INSTRUCTIONS
FOR COMPLETING
THE
TWCC-6
The TWCC-6, Supplemental Report of Injury, is used to provide information about an injured employee's return to work, additional lost time (or lost time that was not initially indicated on the TWCC-1), change in weekly earnings, or termination. The two basic sections of the TWCC-6 are the Employee information and the Employer information.
PART 1 - EMPLOYEE INFORMATION
Blocks 1-4 - Self explanatory; however, use the address where the employee will receive mail in the event that contact needs to be made with the employee.
Area between Blocks 4 and 5 - Check the appropriate block and not the additional blocks to be completed based upon the block that you check. If the employee returned to work, complete blocks 5 a or 5b, 6 and 7. If additional days lost, blocks 5b and 7; if change in weekly earnings, blocks 5a or 5b, 7, and 8; and if terminated, blocks 5aor 5b, 7, and 9.
Instructions below are for all the blocks.
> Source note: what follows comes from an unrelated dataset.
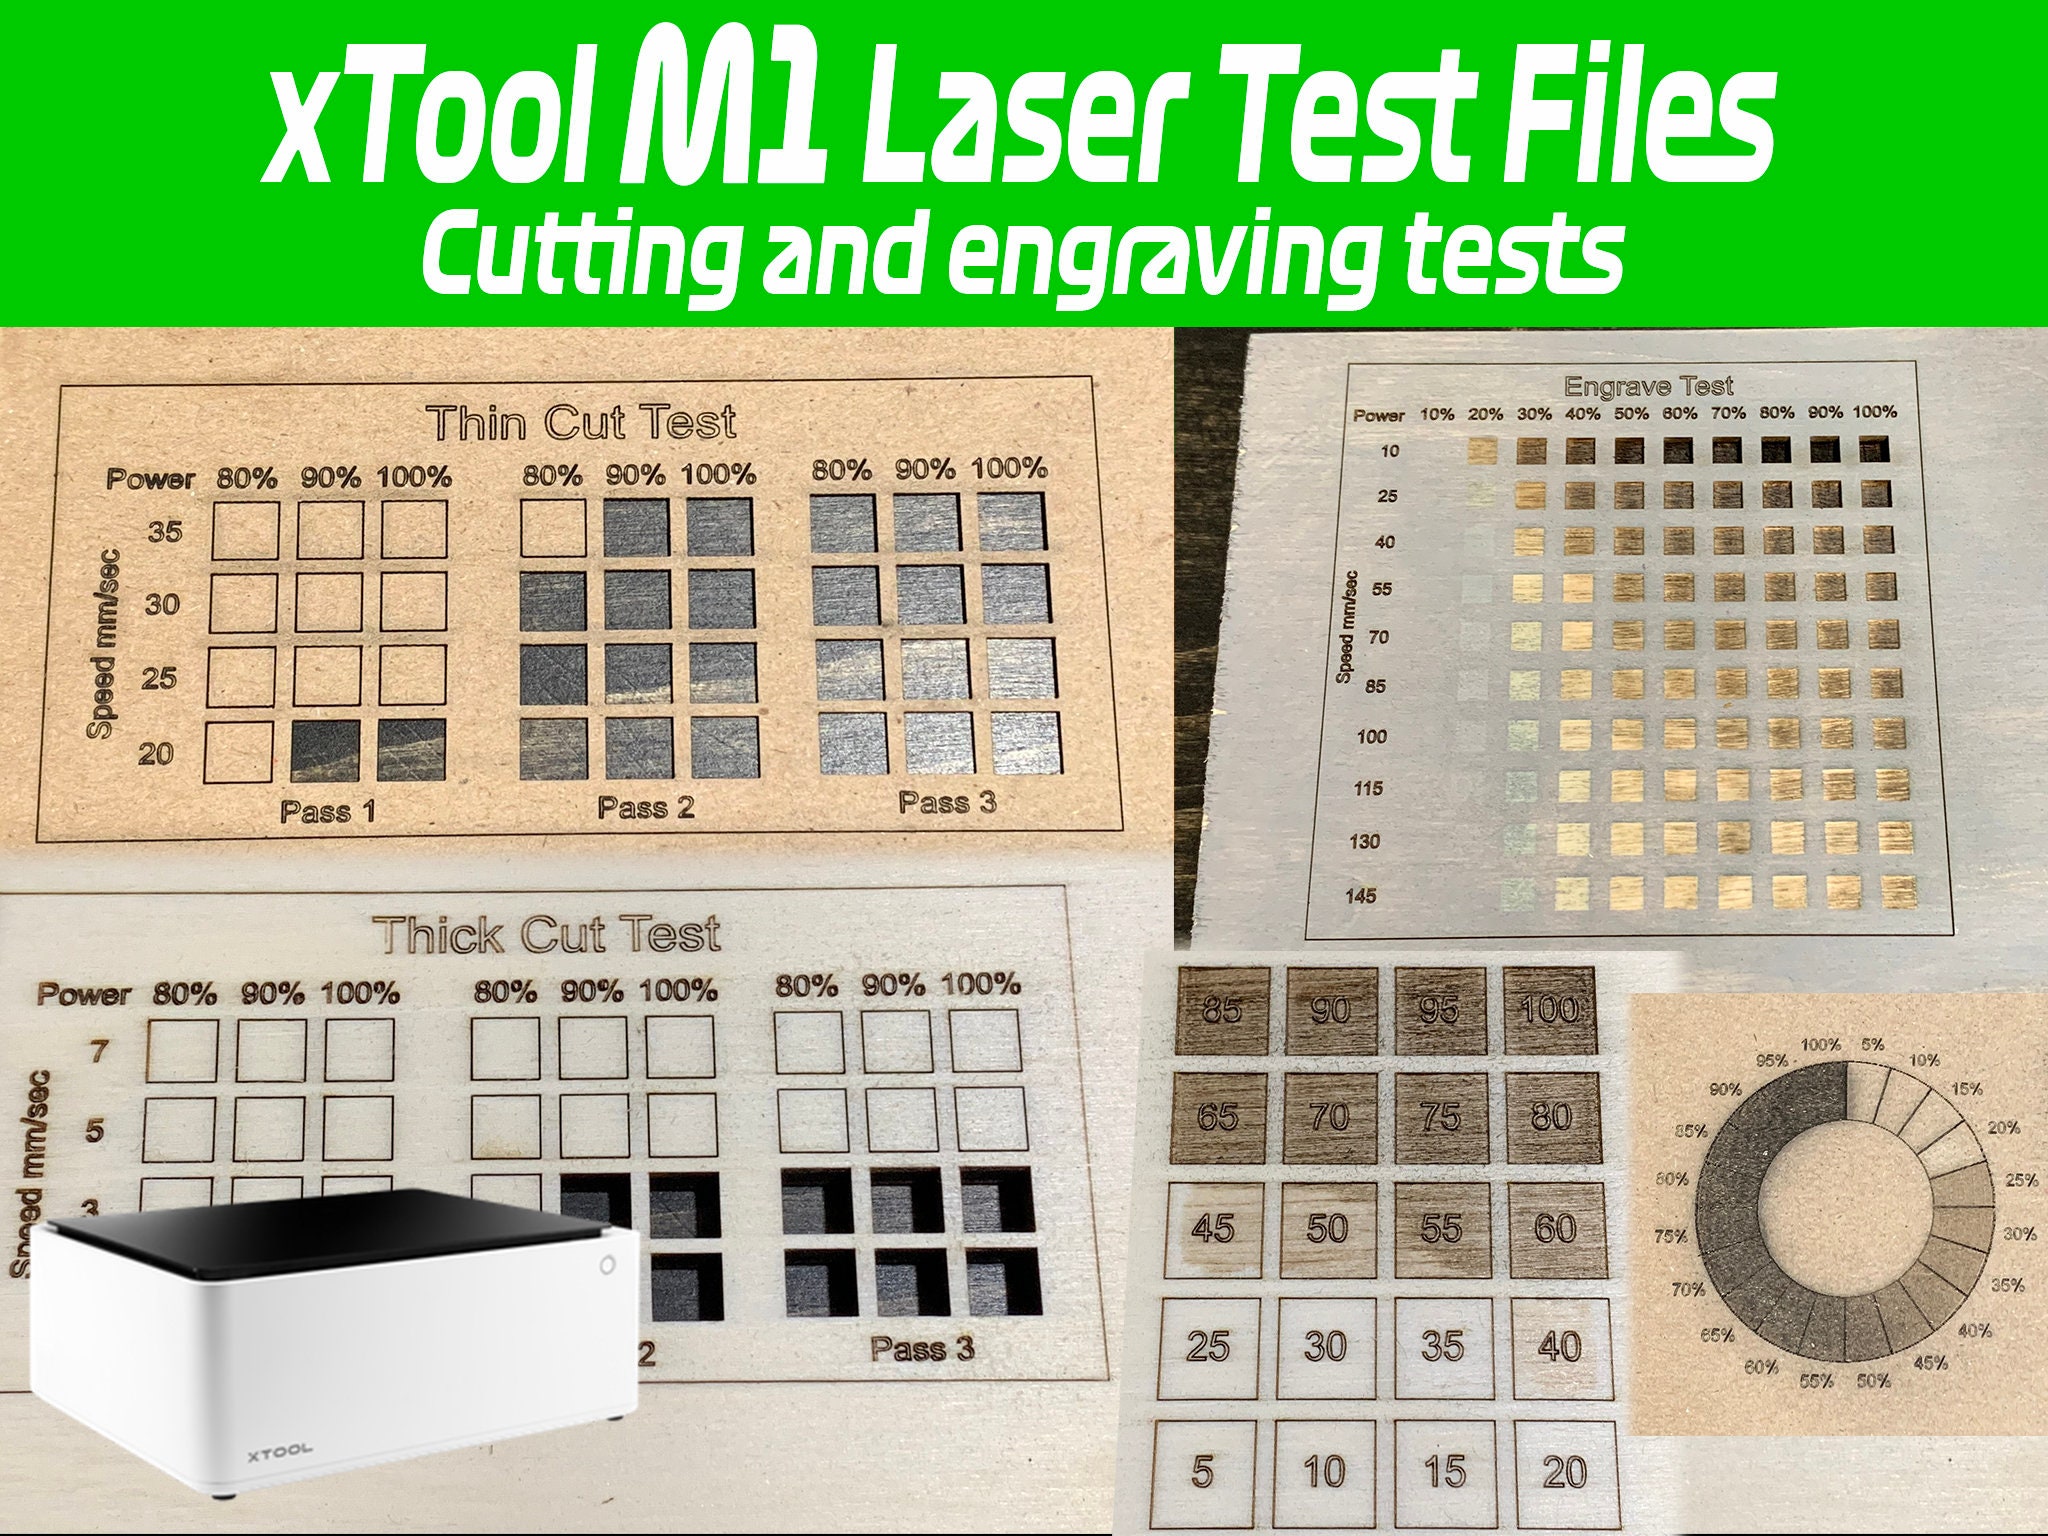 Creative Space Xtool M1 Laser Test Files Engrave Test Cut Test 
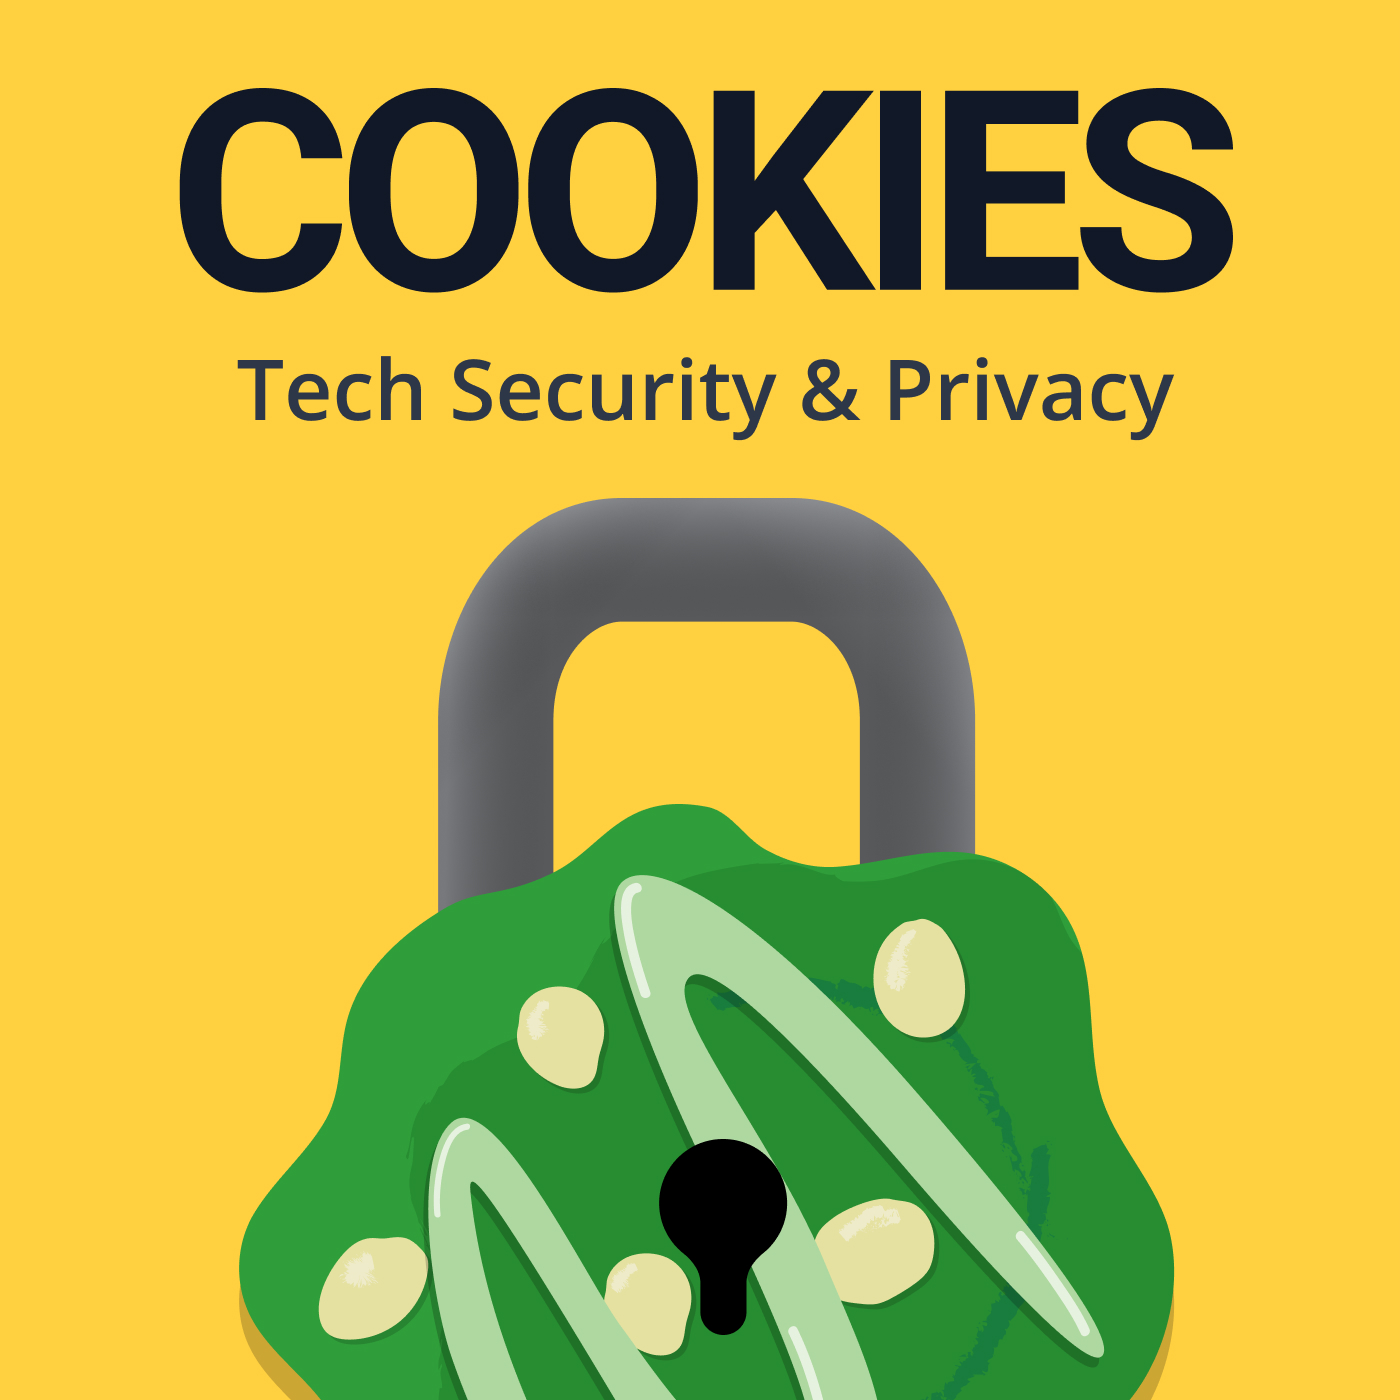 Welcome to Cookies: Tech Security & Privacy!

Use the note above and on the form to determine which blocks to complete.
Block 5a - If initial filing of the TWCC-6, enter the first day of lost time.
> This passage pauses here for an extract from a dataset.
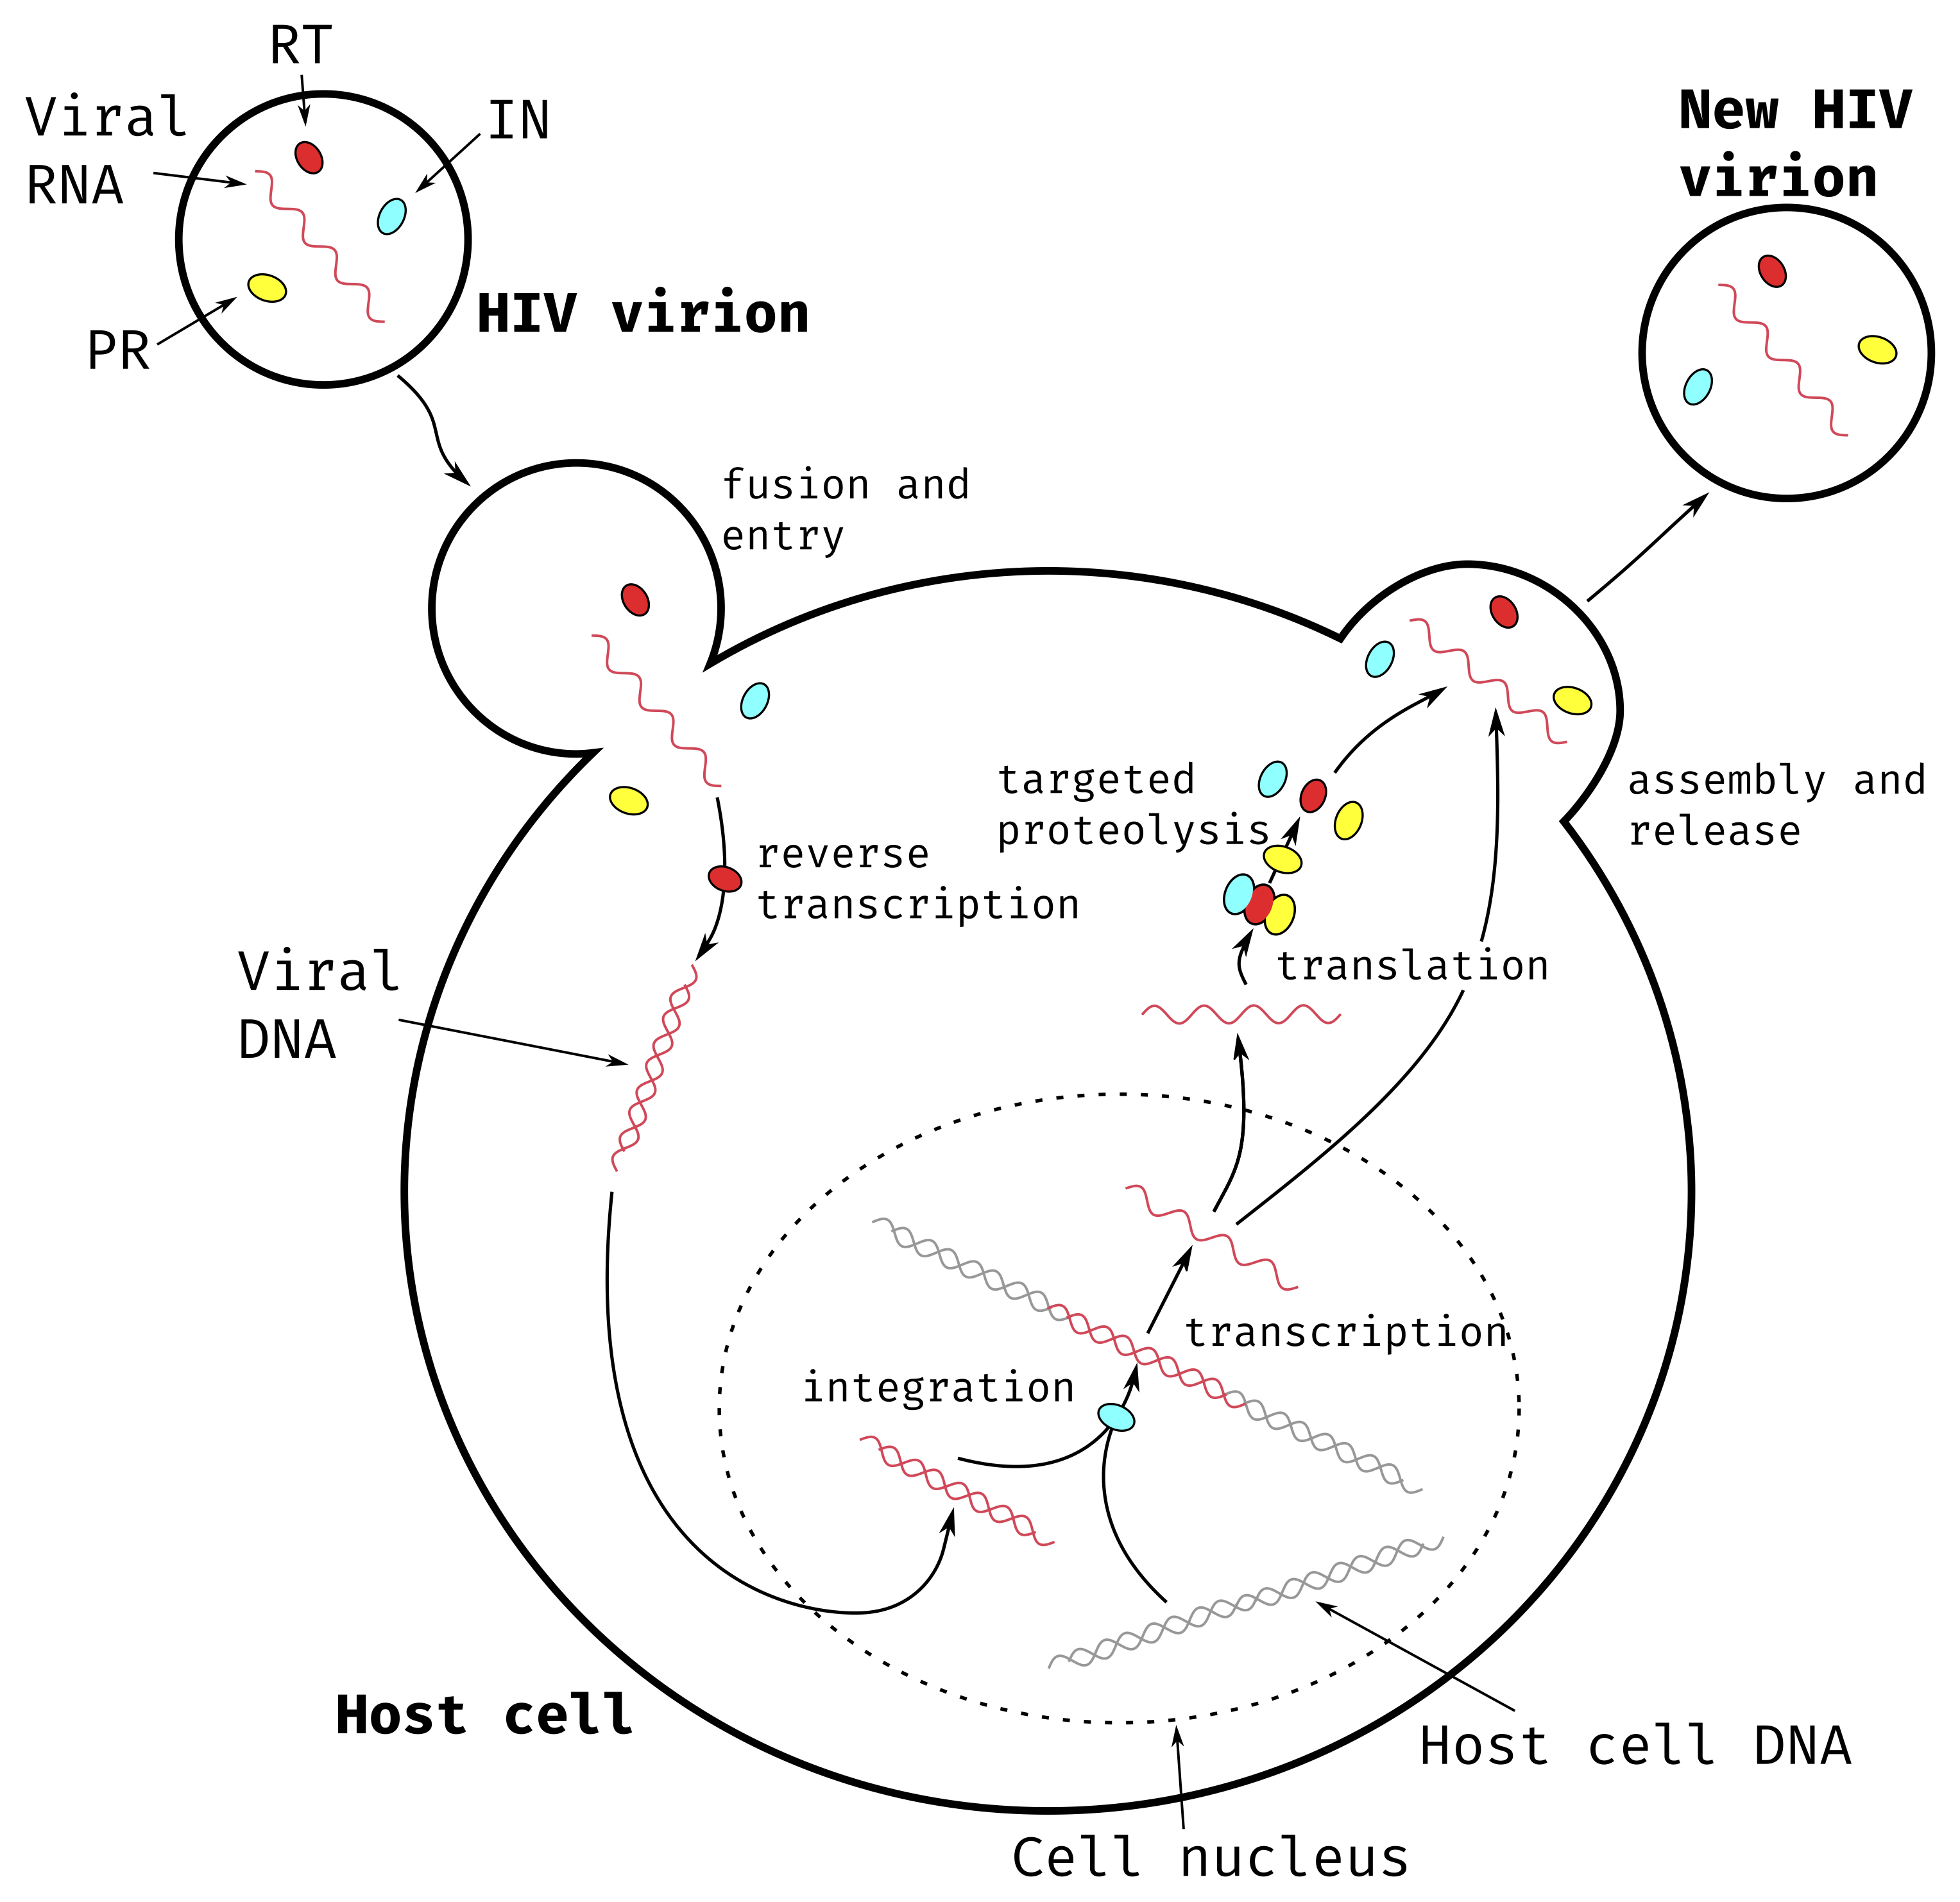 **Main steps of HIV-1 replication cycle.**  
The HIV virion contains viral RNA and three essential proteins: Reverse Transcriptase (RT) represented in red, Integrase (IN) represented in cyan and Protease (PR) represented in yellow.

Block 5b - Is this is a second or subsequest filing of the TWCC-6, enter the first lost day due to the injury for this filing of this TWCC-6 only.
Block 6 - Enter the date of return to work and check the appropriate blocks about their return to work.
Block 7 - Enter the weekly and hourly earnings at the time of this TWCC-6 report. Check the appropriate blocks.
Block 8 - Enter the number of hours working weekly at the time of this TWCC-6, then check the appropriate blocks.
Block 9 - If terminated, check the appropriate block and enter the date.
Block 9a - Self-explanatory.
Block 10 - The date the eight days of disability began - if applicable. This is used to determine the repayment time for the exclusionary period of wages if the lost time was not consecutive or indicated on the TWCC-1.
Block 11 - If injured employee died subsequent to the TWCC-1 filing, enter the date.
Block 12 - Self explanatory.
PART 2 EMPLOYER INFORMATION
Block 13 - 15 - Self explanatory - enter unit information.
Block 16 - Enter "Self-Insured."
Block 17 - Information on the person completing the form - be sure to indicate if completing the form as the injured person or as the employer. THIS CANNOT BE THE INJURED EMPLOYEE!